El sifilazo se achacaba a Francia; desde los tiempos de don Francisco de Quevedo los españoles pensaron que el peor y más contagioso y asqueroso humor que infectaba al mundo, la sífilis, el mal francés, bajaba de la destemplada cabeza del eminentísimo cardenal de Richelieu. No sólo el mal, también el deleite, la dulzura, la flauta mágica, el francés, lo francés, la cornamenta, siempre estuvieron presentes en nuestra literatura. Los gabachos han sido nuestros maestros en goce y tal vez por eso, muy rechazados, muy criticados tachándoles de volterianos y libertinos. En los prostíbulos de algunas ciudades españolas, en la posguerra, había carteles que decían: «En esta casa no se hace el francés».

Hubo una tendencia ultramontana que culpaba a los franceses de la costumbre de tocar el saxo, una prueba más de la ignorancia castiza, porque darle al chupete, el mamar o chupar viene del latín fellatum y los museos están repletos de esculturas y dibujos, cerámicas y monumentos etruscos, egipcios, cretenses alusivos al falo.

Han sido también los franceses, otros franceses menos franceses, quienes han denunciado la felación como un acto humillante, convirtiendo un cigarrillo en el miembro de oro de Mefistófeles. Querían un anuncio de impacto y lo han logrado. La asociación de defensa de los no fumadores ha puesto a jóvenes simulando una calada a la minga; un inocente adolescente y una chica apenas salida de la pubertad, arrodillados, succionan un cigarrillo y alguien está de pie.

Ha estallado el escándalo; querían convencer de que fumar te hace esclavo, que el cigarrillo no supone un acto de rebeldía, de libertad, de emancipación, sino todo lo contrario, de sumisión, de culto al poder simbolizado en el falo, pero el cipote oculto se ha cargado al mensaje de la dependencia y de la liberación.

Las feministas han contestado al cuplé de Sarita Montiel y a los publicitarios obsesos y puritanos, diciendo que es ridículo vincular el tabaco con el sexo: «Practicar la felación no provoca cáncer». Me parecen las que protestan feministas transgénicas, pos-ideológicas; se meten en el enredo de una contradicción. El beber, el fumar, la mayoría de las dependencias y apetitos desordenados, según el maestro Lacán, que siempre escribió cosas maravillosas que no se entienden, están relacionados con la angustia del destete y con otras neurosis sexuales.

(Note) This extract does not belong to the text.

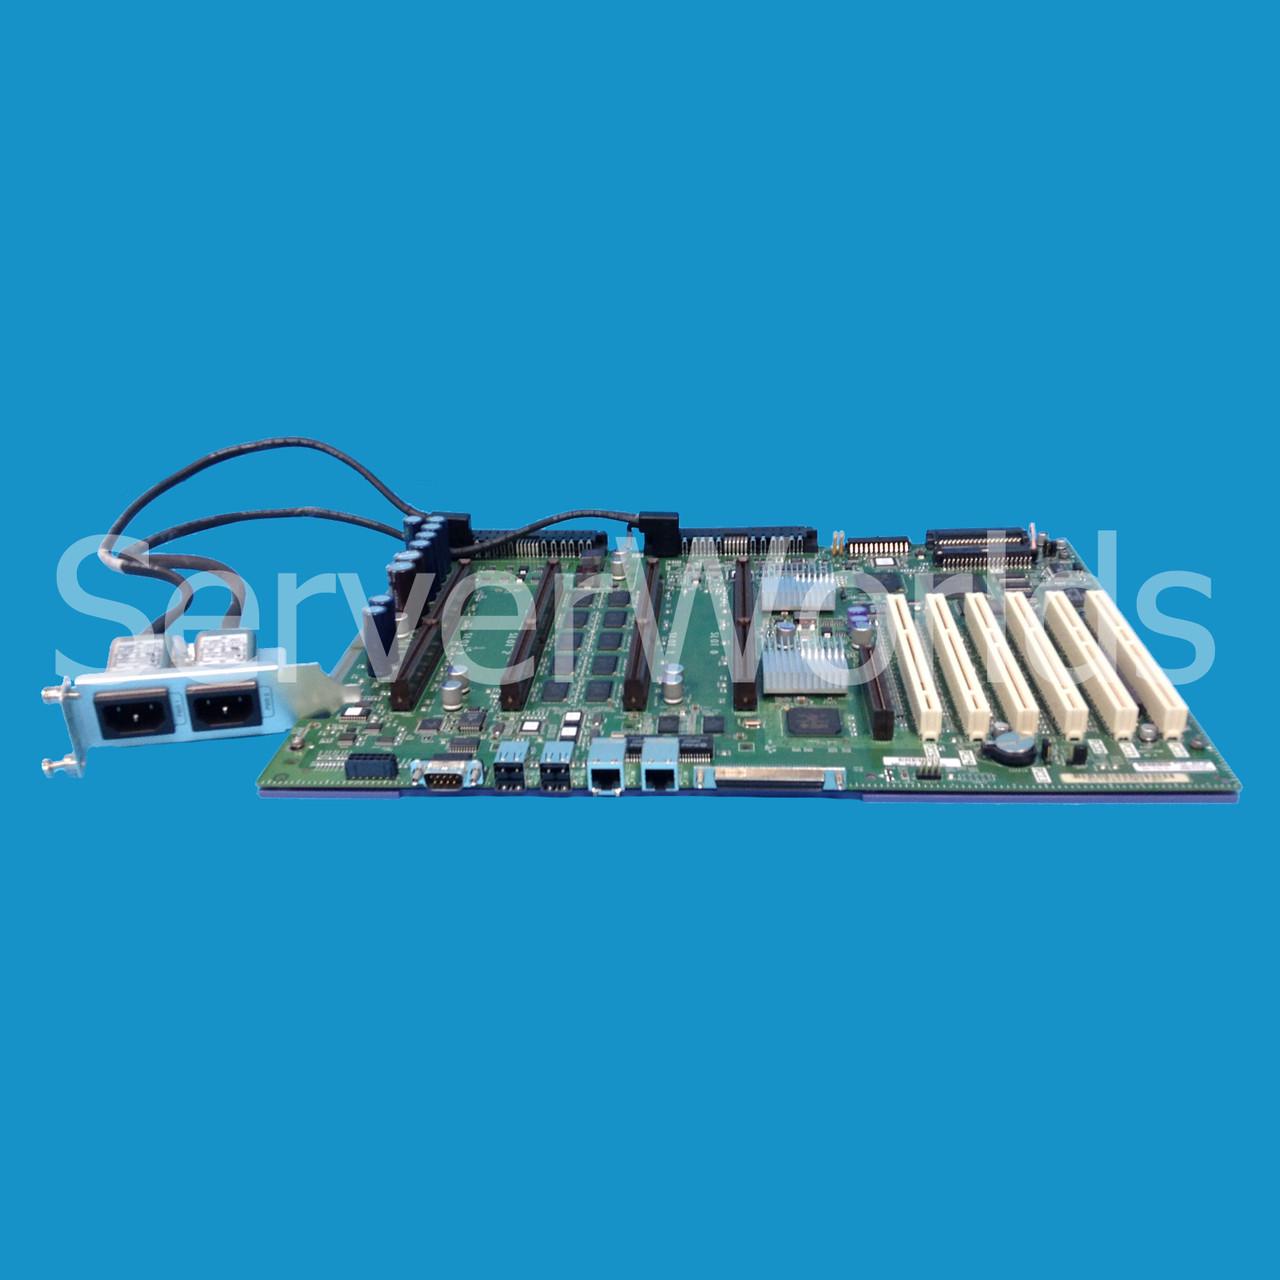 Sun 501-6344   SunFire V440 MotherBoard - Serverworlds
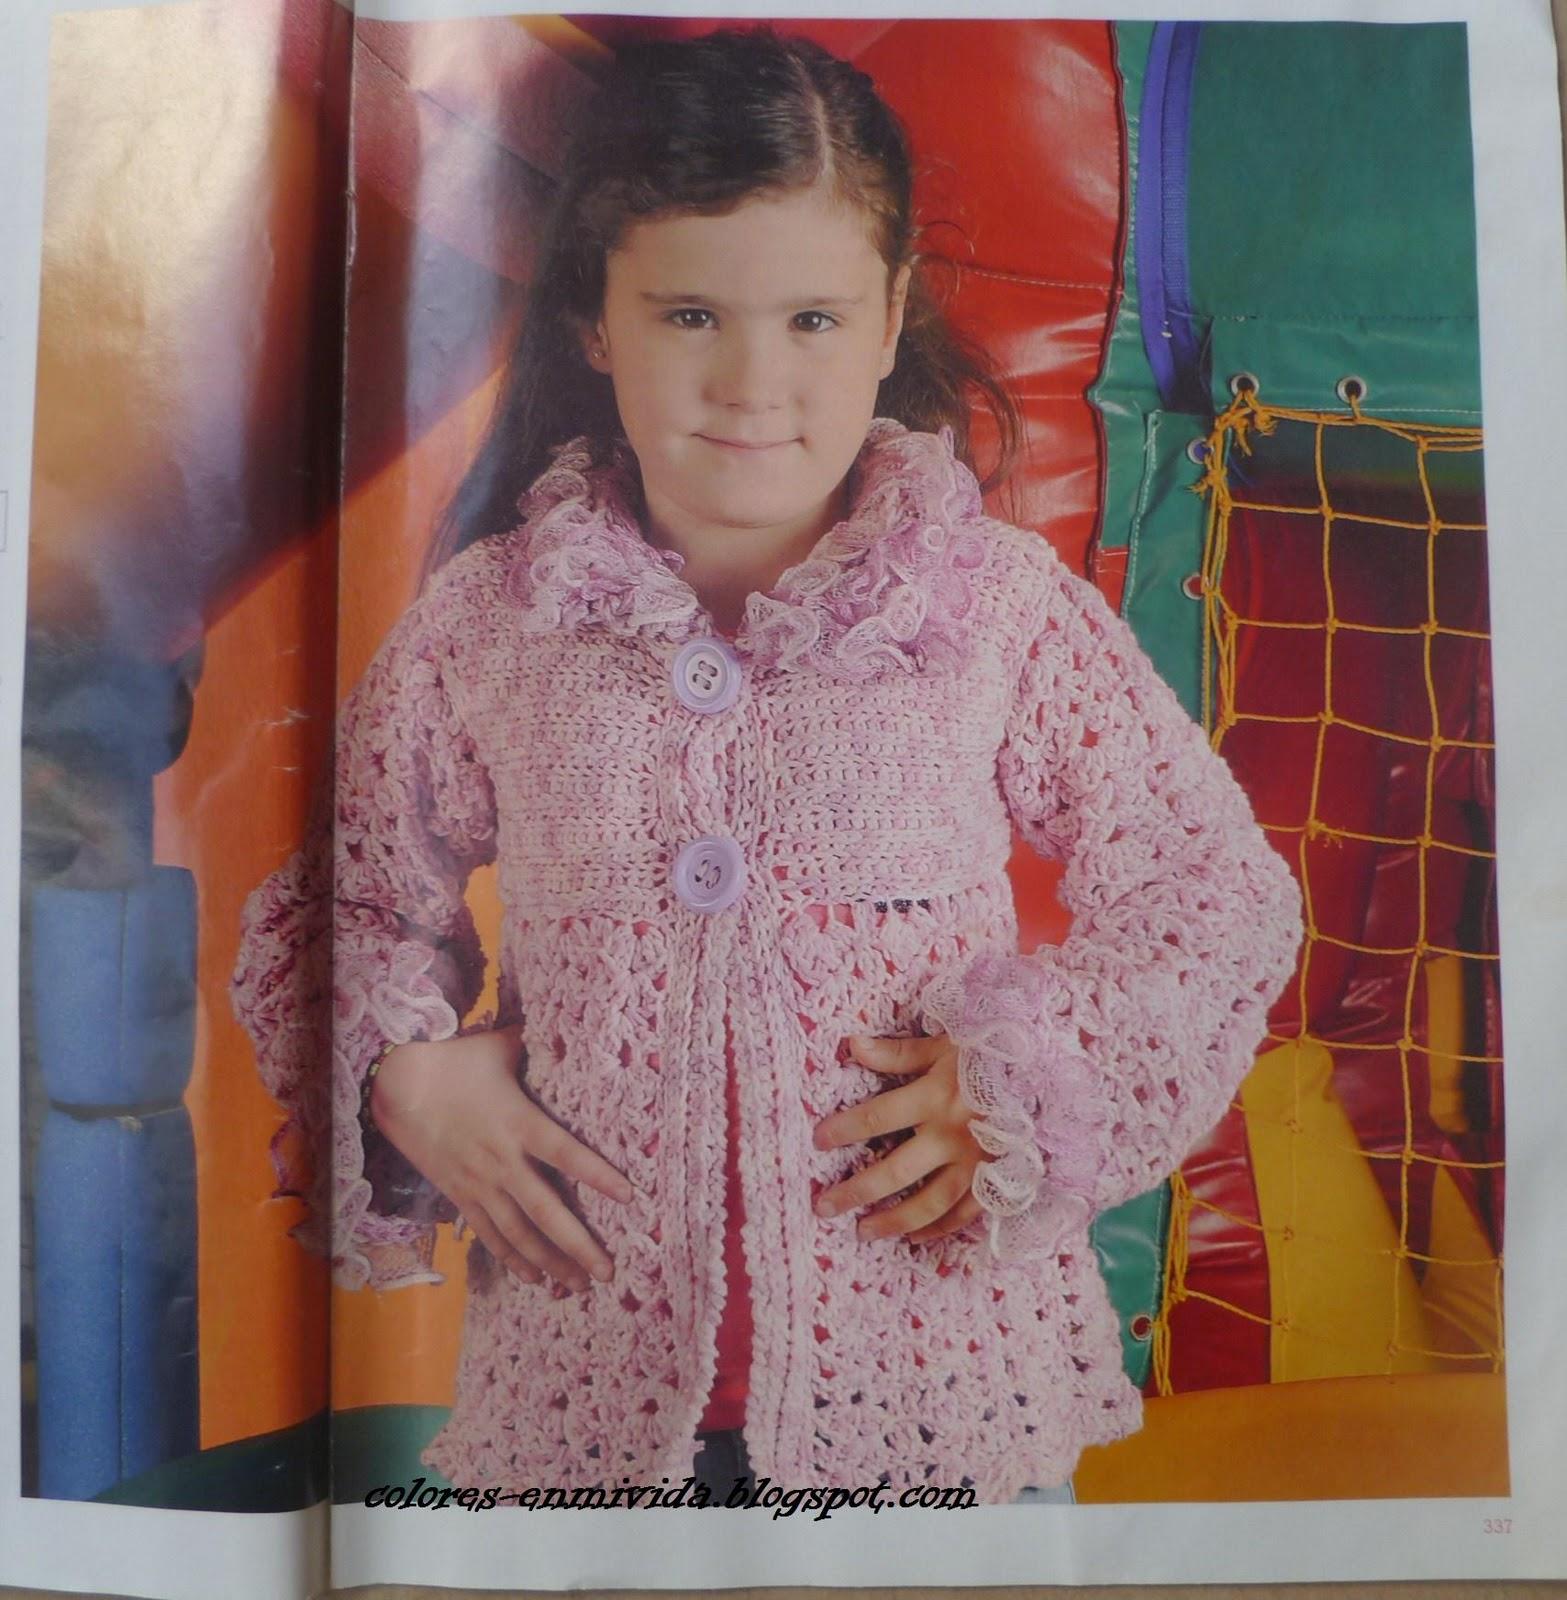 COLORES EN MI VIDA  Color de verano para un saco de niña c2e09bf3a36f

La melancolía de la leche materna acompaña al hombre y a la mujer toda la vida, y a veces el cigarrillo, el vaso de whisky son inconscientemente un pezón o un pene. Claro que las feministas tienen un conflicto con Lacán; rechazan su teoría falocéntrica y nunca entendieron que dijera que la mujer no existe. Se refería a que no hay armonía entre los sexos, y que a veces, la pareja, es una fantasía.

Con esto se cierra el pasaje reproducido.